→ Activity: Leave the pictures out. Return the rest of the listing below exactly.

Dataset excerpt: Begin

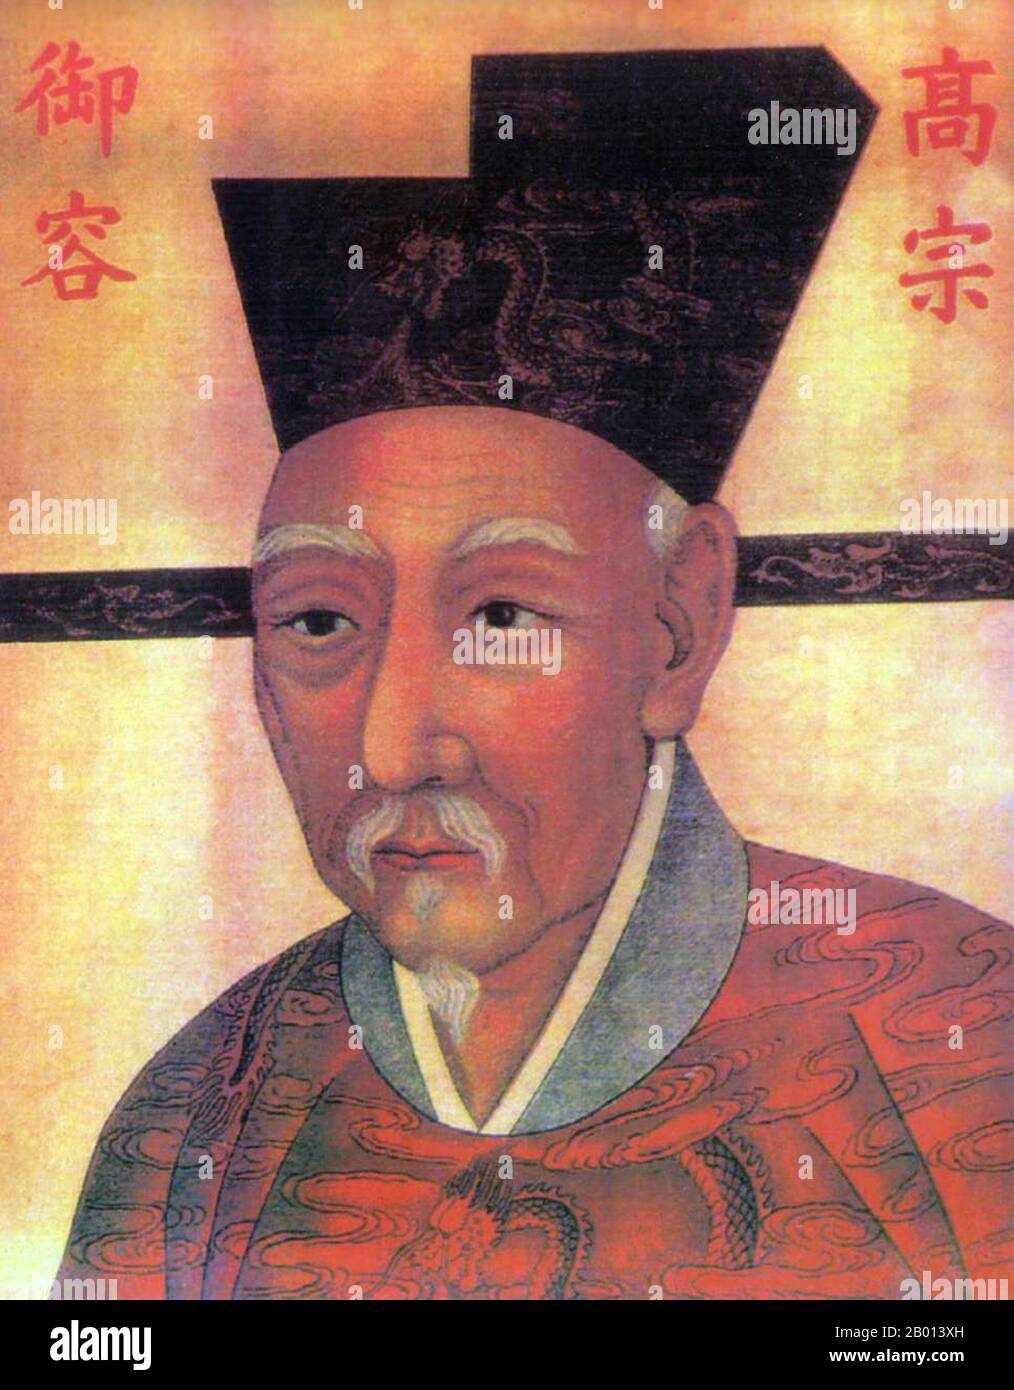 Cina: Imperatore Gaozong (12 giugno 1107 - 9 novembre 1187), decimo sovrano della dinastia Song (r. 1127-1129) e 1° sovrano della Dinastia Song Meridionale (r. 1129-1162). Pittura a scorrimento sospesa, c. 1127-1162. Gaozong, nome personale Zhao Gou e nome di cortesia Deji, fu il decimo imperatore della dinastia Northern Song. Dopo che gli imperatori di Qinzong e Huizong furono catturati dal Giurchen, divenne l'imperatore e fondò l'impero della Song Meridionale a Lin'an (Hangzhou moderna). Durante il suo regno, Jurchens spesso attaccò l'impero della Song Meridionale. Foto Stock
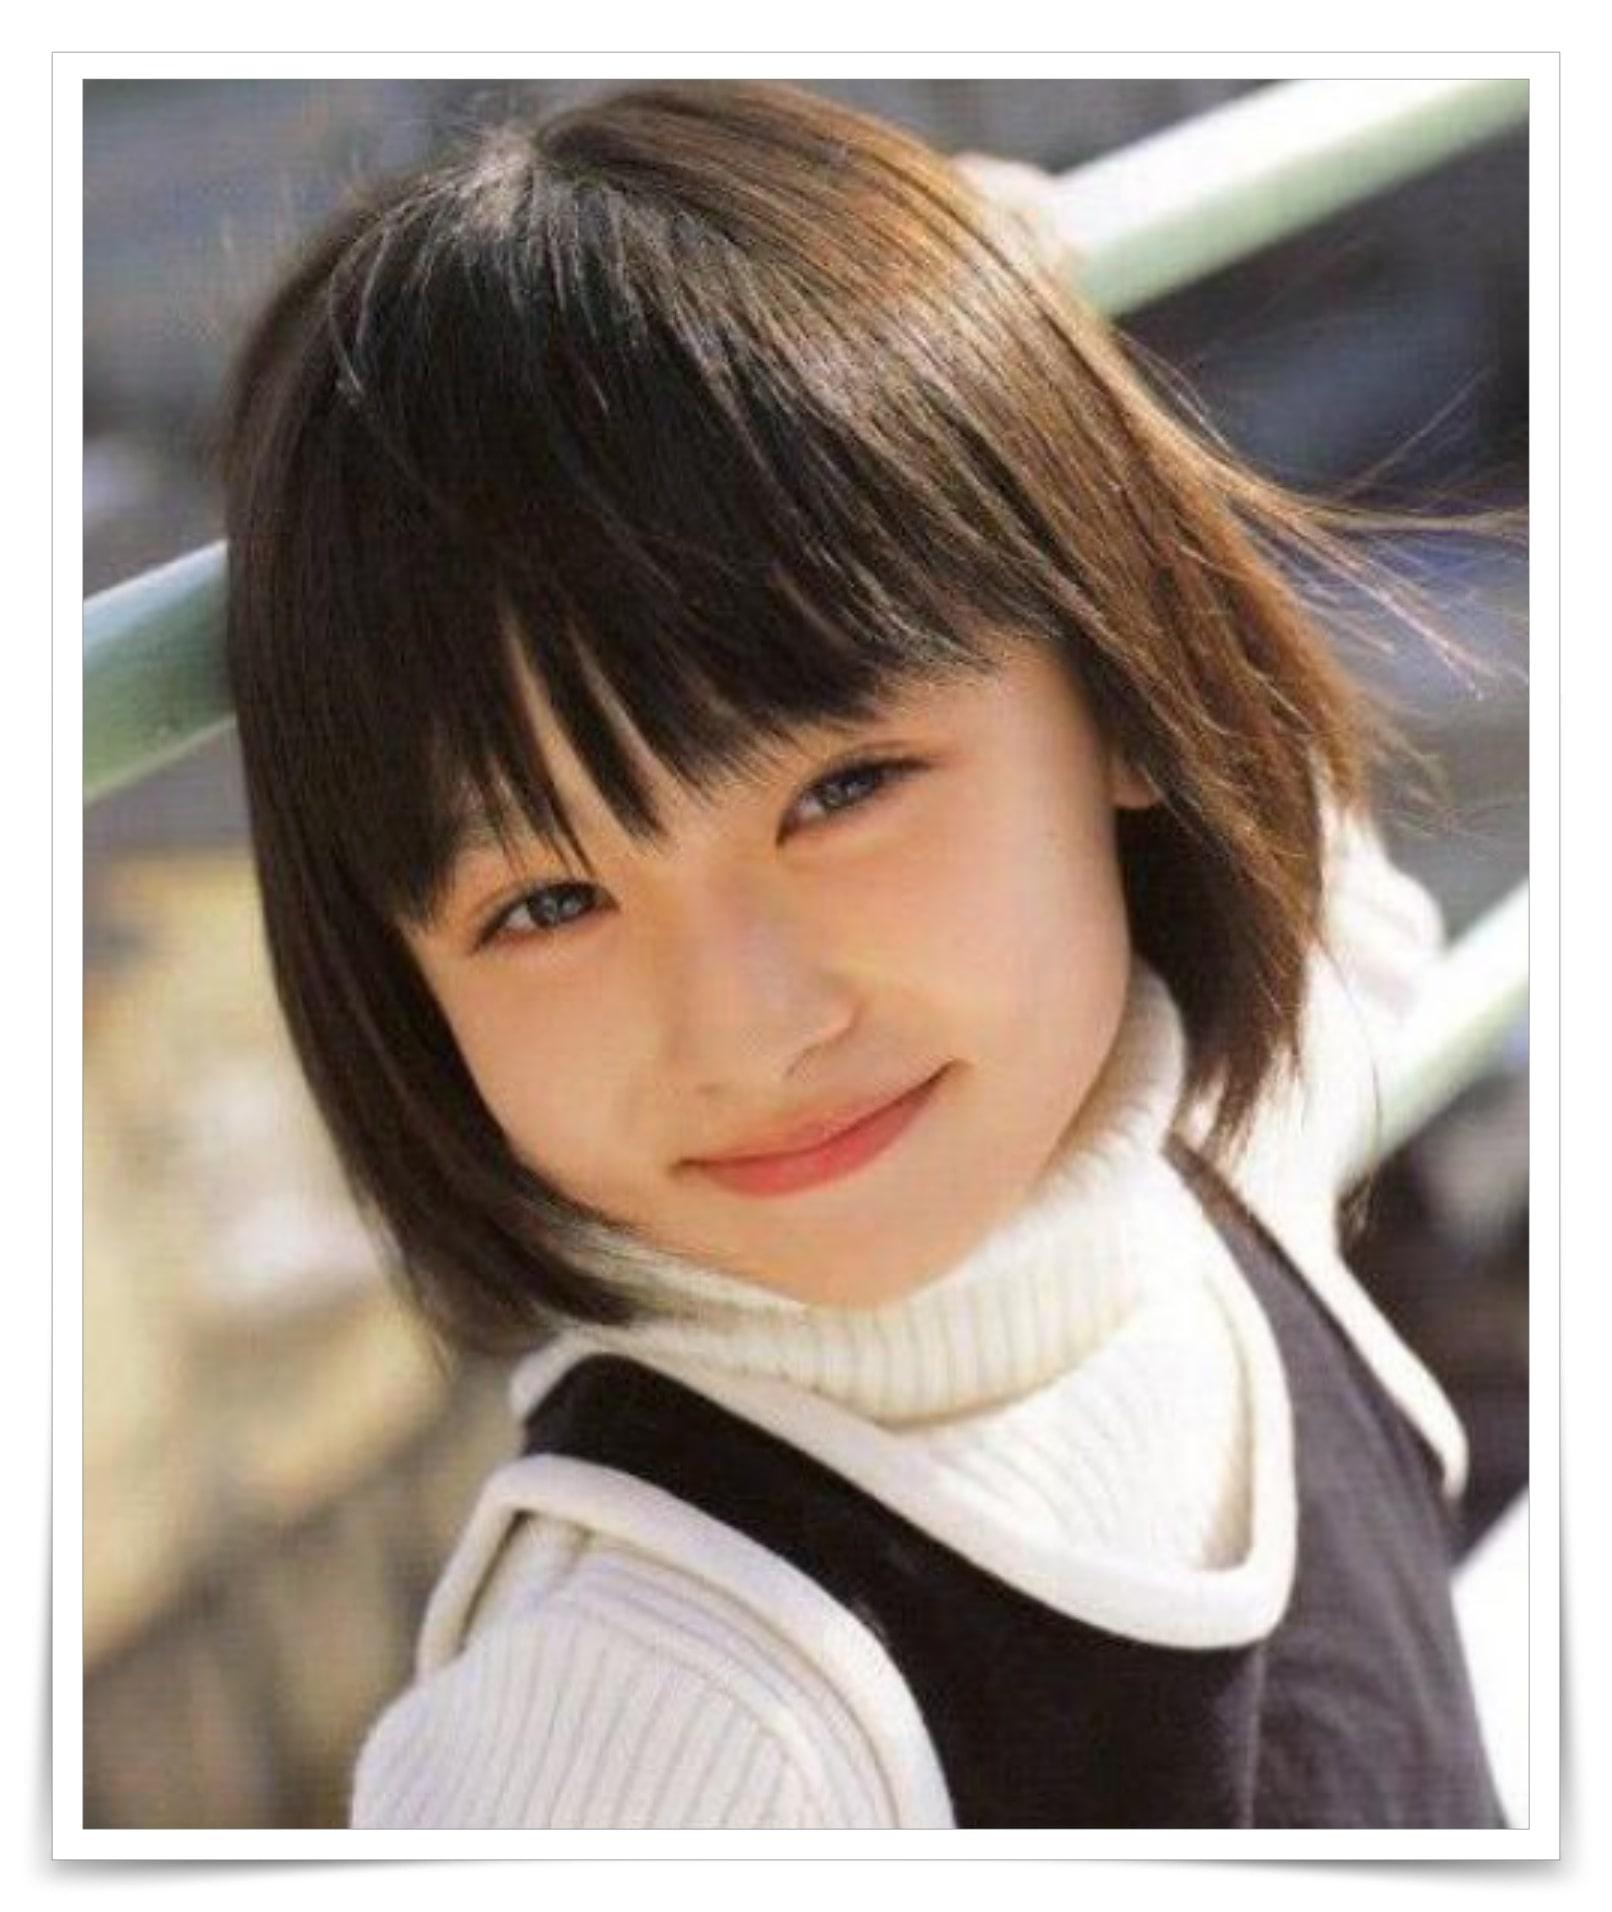 天才美少女子役時代の愛らしい笑顔がかわいい吉川愛 吉田里琴 あげてけ
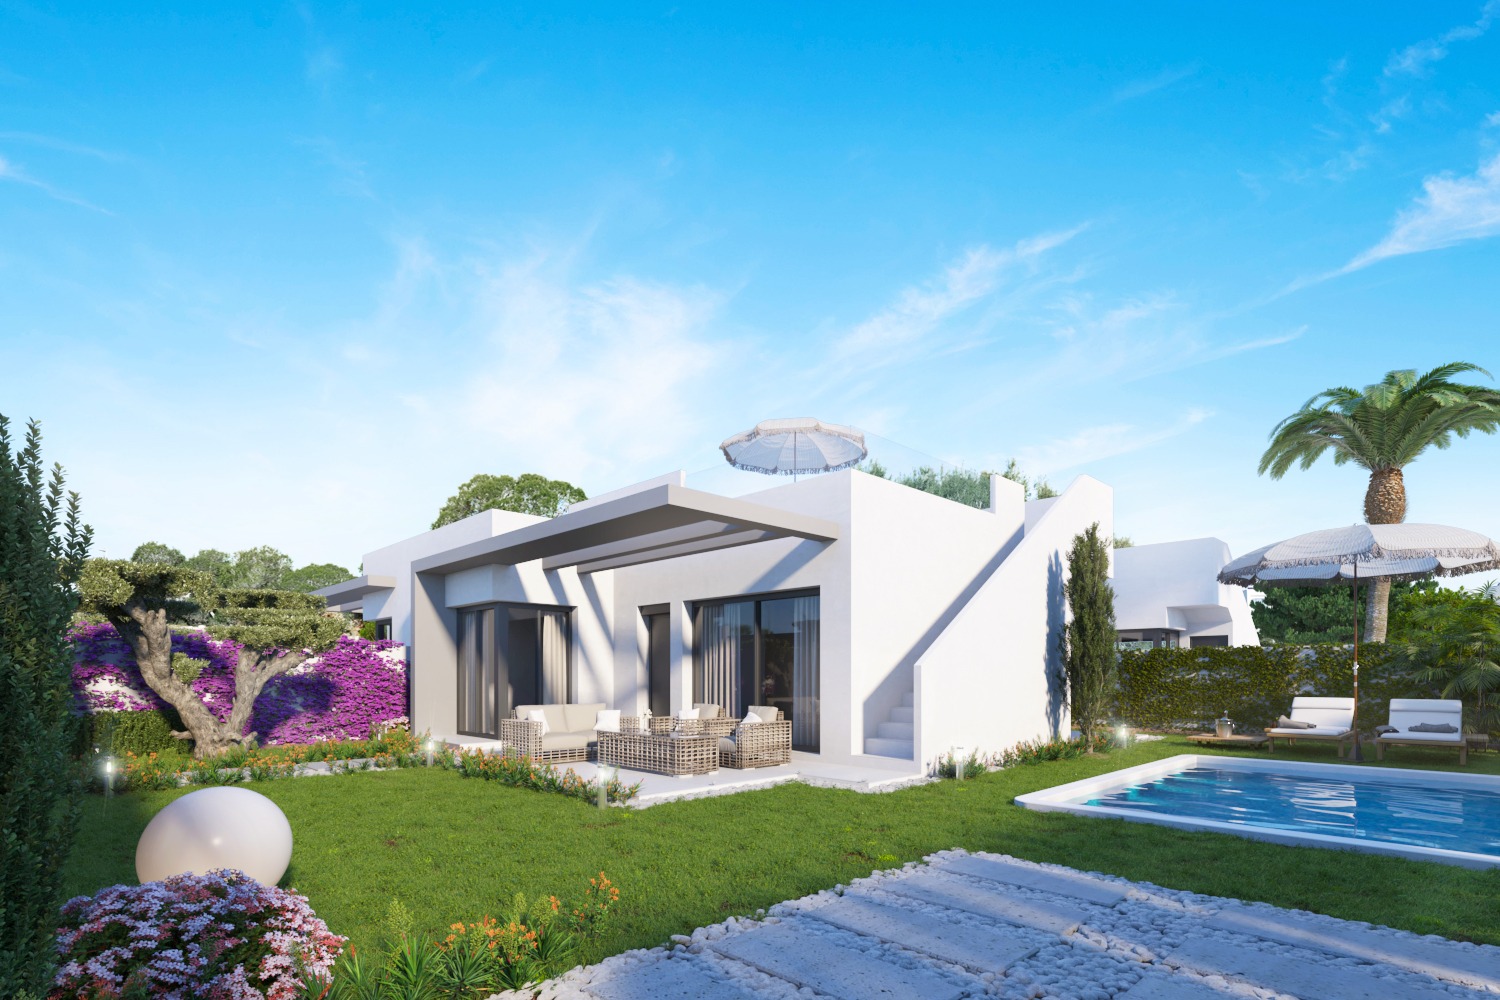 NEW PROJECT Semi-Detached One Floor Villas in Vistabella, Orihuela

Dataset excerpt: End

→ Response for this exercise:
 Cina: Imperatore Gaozong (12 giugno 1107 - 9 novembre 1187), decimo sovrano della dinastia Song (r. 1127-1129) e 1° sovrano della Dinastia Song Meridionale (r. 1129-1162). Pittura a scorrimento sospesa, c. 1127-1162. Gaozong, nome personale Zhao Gou e nome di cortesia Deji, fu il decimo imperatore della dinastia Northern Song. Dopo che gli imperatori di Qinzong e Huizong furono catturati dal Giurchen, divenne l'imperatore e fondò l'impero della Song Meridionale a Lin'an (Hangzhou moderna). Durante il suo regno, Jurchens spesso attaccò l'impero della Song Meridionale. Foto Stock
 天才美少女子役時代の愛らしい笑顔がかわいい吉川愛 吉田里琴 あげてけ
 NEW PROJECT Semi-Detached One Floor Villas in Vistabella, Orihuela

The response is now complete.